17:01:37.943673 IP ip-INTERNAL_IP.ec2.internal.54456 > ip-INTERNAL_IP.ec2.internal.12201: Flags [P.], seq 848:1696, ack 69, win 342, options [nop,nop,TS val 583205806 ecr 583205120], length 848
E...l.@.@.h.........../...oi].w....Vec.....
"..."...POST /gelf HTTP/1.1
Host: 172.26.4.220:12201
Connection: keep-alive
X-Forwarded-For: MY_PUBLIC_IP, CLOUDFLARE_IP
X-Forwarded-Proto: http
X-Forwarded-Host: the.host.com
X-Forwarded-Port: 80
X-Real-IP: CLOUDFLARE_IP
Content-Length: 252
Accept-Encoding: gzip
CF-IPCountry: BR
CF-RAY: 4b6754c6cf8e5e88-TPA
CF-Visitor: {"scheme":"https"}
Content-Type: application/json
CF-Connecting-IP: MY_PUBLIC_IP
CDN-Loop: cloudflare
X-Consumer-ID: THE_GUID
X-Consumer-Custom-ID: something
X-Consumer-Username: something
X-Credential-Username: something

{ "MessageType": "Something", "short_message": "Test", "host": "https://the.host.com", "version": "1.1" }
17:01:47.944627 IP ip-INTERNAL_IP.ec2.internal.54456 > ip-INTERNAL_IP.ec2.internal.12201: Flags [F.], seq 1696, ack 70, win 342, options [nop,nop,TS val 583208306 ecr 583208306], length 0
E..4l.@.@.k.........../...r.].w....Vb......
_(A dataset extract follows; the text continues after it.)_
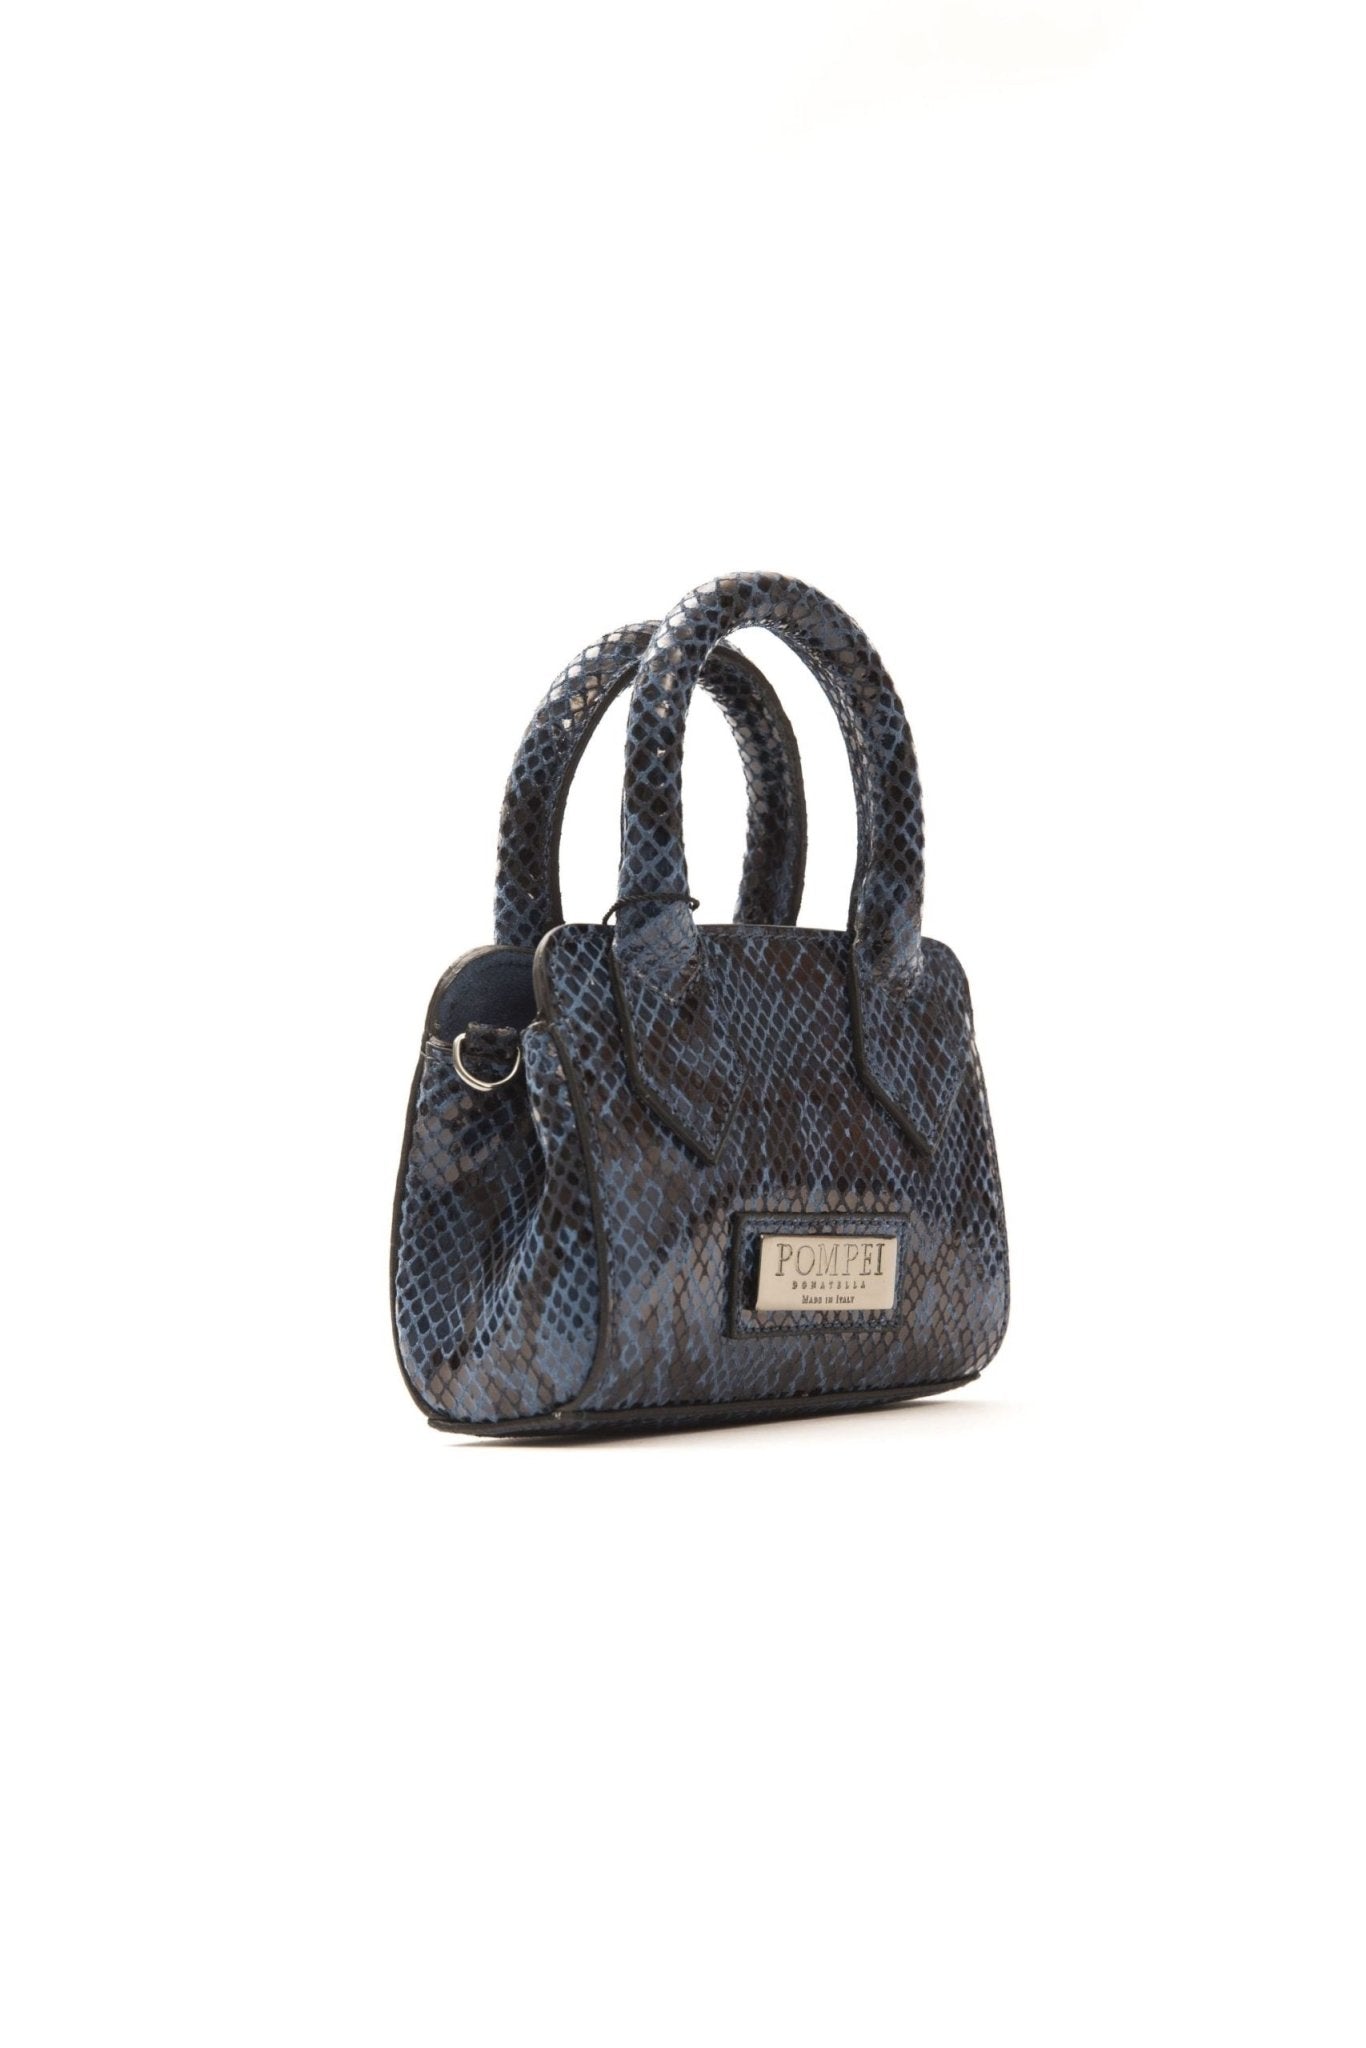 Pompei Donatella Blue Leather Handbag - Fizigo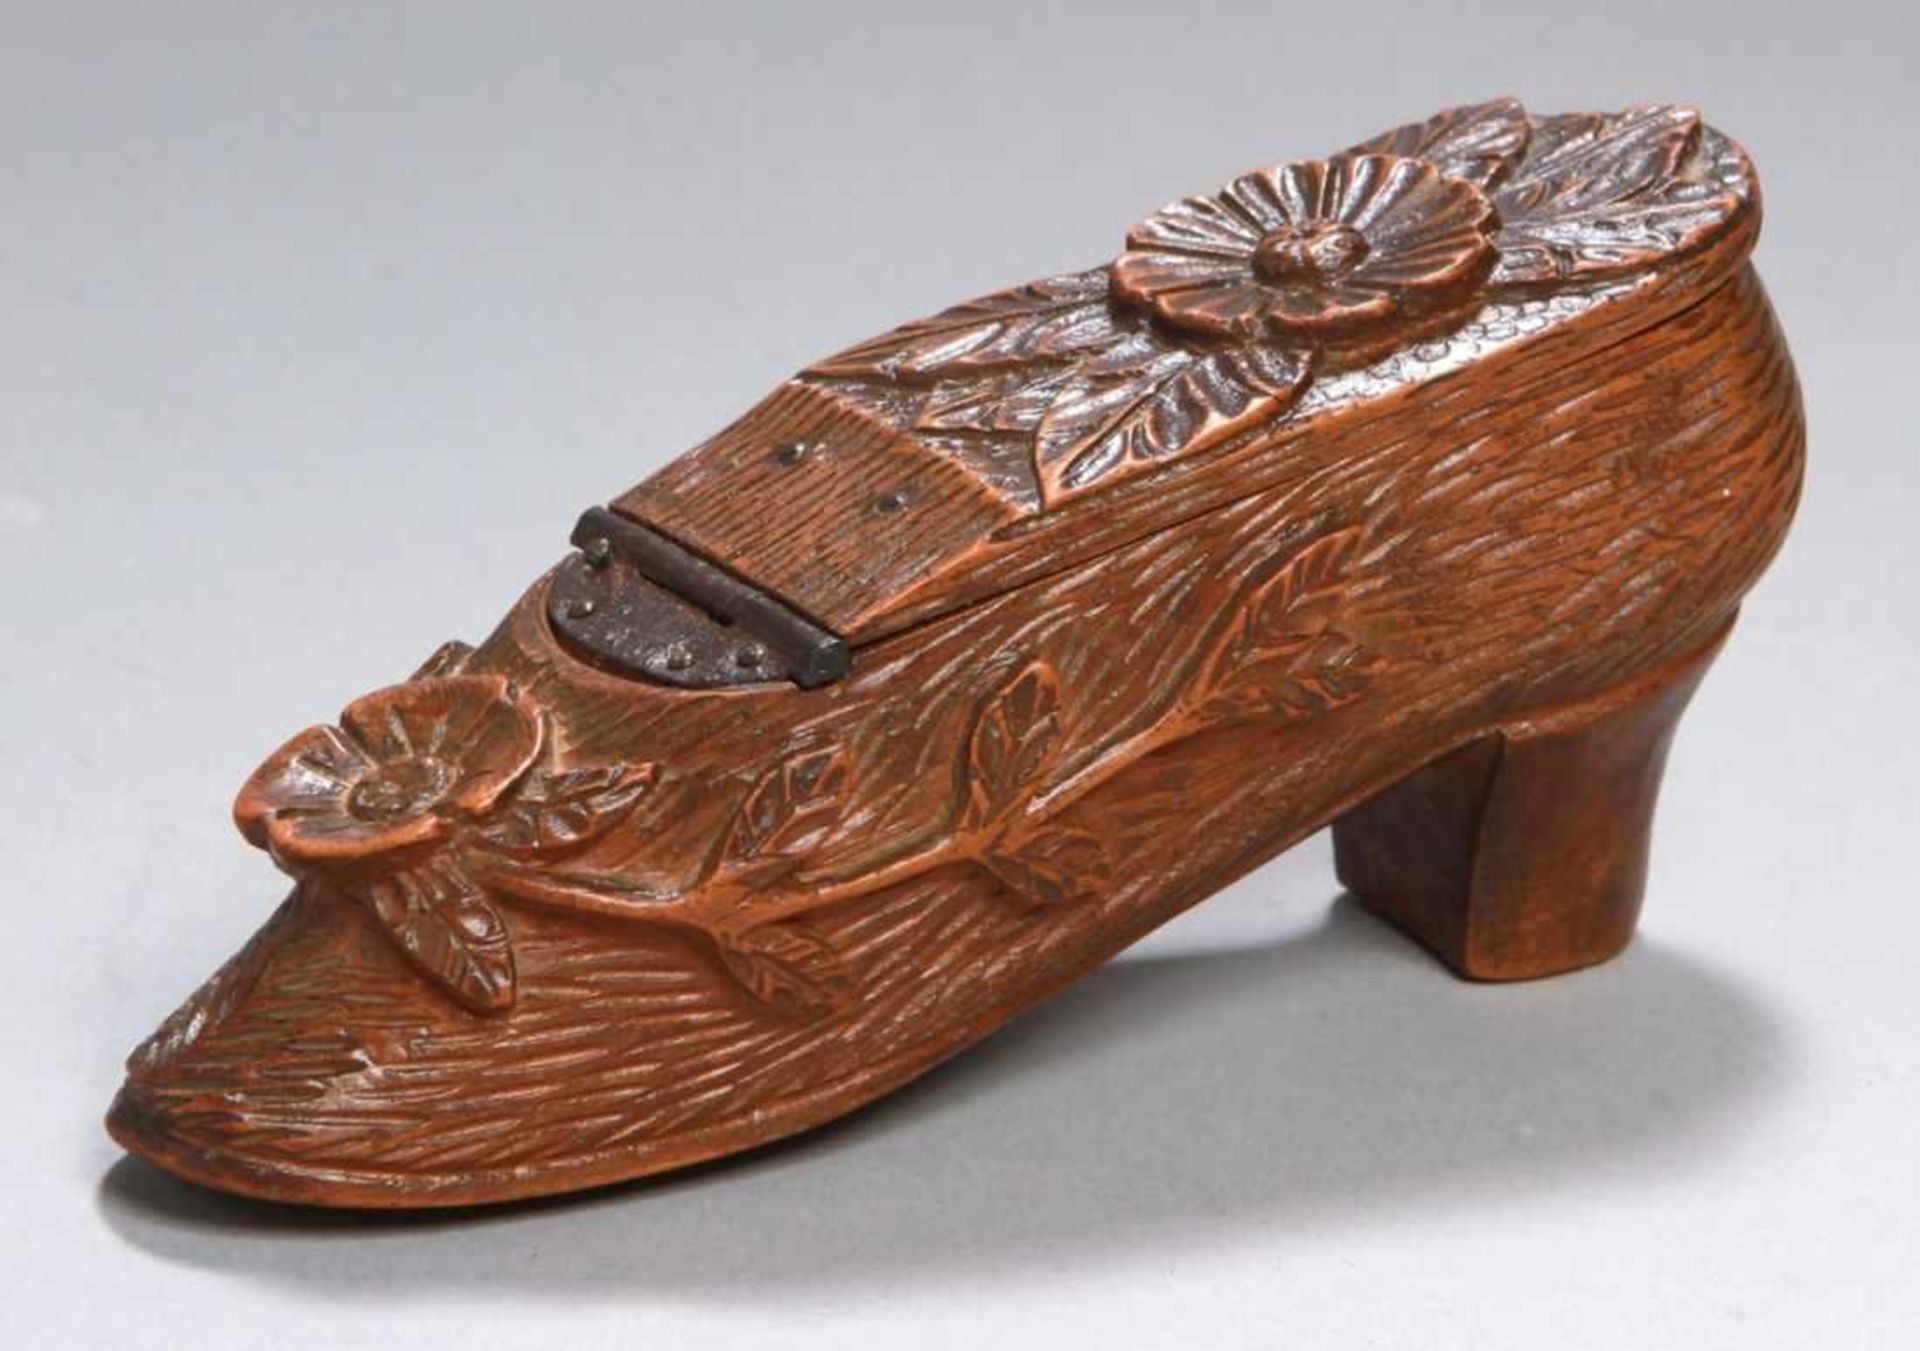 Holz-Tabatiere, "Damenschuh", alpenländisch, 19. Jh., fein beschnitzt, scharnierterDeckel, H 5 cm, L

The last 2 dates 17:01:37.943673 and 17:01:47.944627 are 10 seconds apart because I have set “Idle writer timeout” to 10 seconds in the Input, if this value is changed the time for the call number 2 to timeout also changes.


GELF HTTP input issue after upgrading to 3.0
(Igor Krug) #2

Just to clarify Content-Length: 252 isn’t correct because I have shortened the json to post it here.


(Jan Doberstein) #3

we have a known issue that will be fixed in 3.0.1 that will be released shortly

The fix: https://github.com/Graylog2/graylog2-server/pull/5728


(Nick Clark) #4

You say it will be released shortly, when is that exactly?


(Jan Doberstein) #5

speaking of days here.


(Nick Clark) #6

Is it possible to make these modifications yourself?


(Jan Doberstein) #7

if you want to compile Graylog yourself from the current development master - feel free todo this.

In this community are enough discussions how to do this.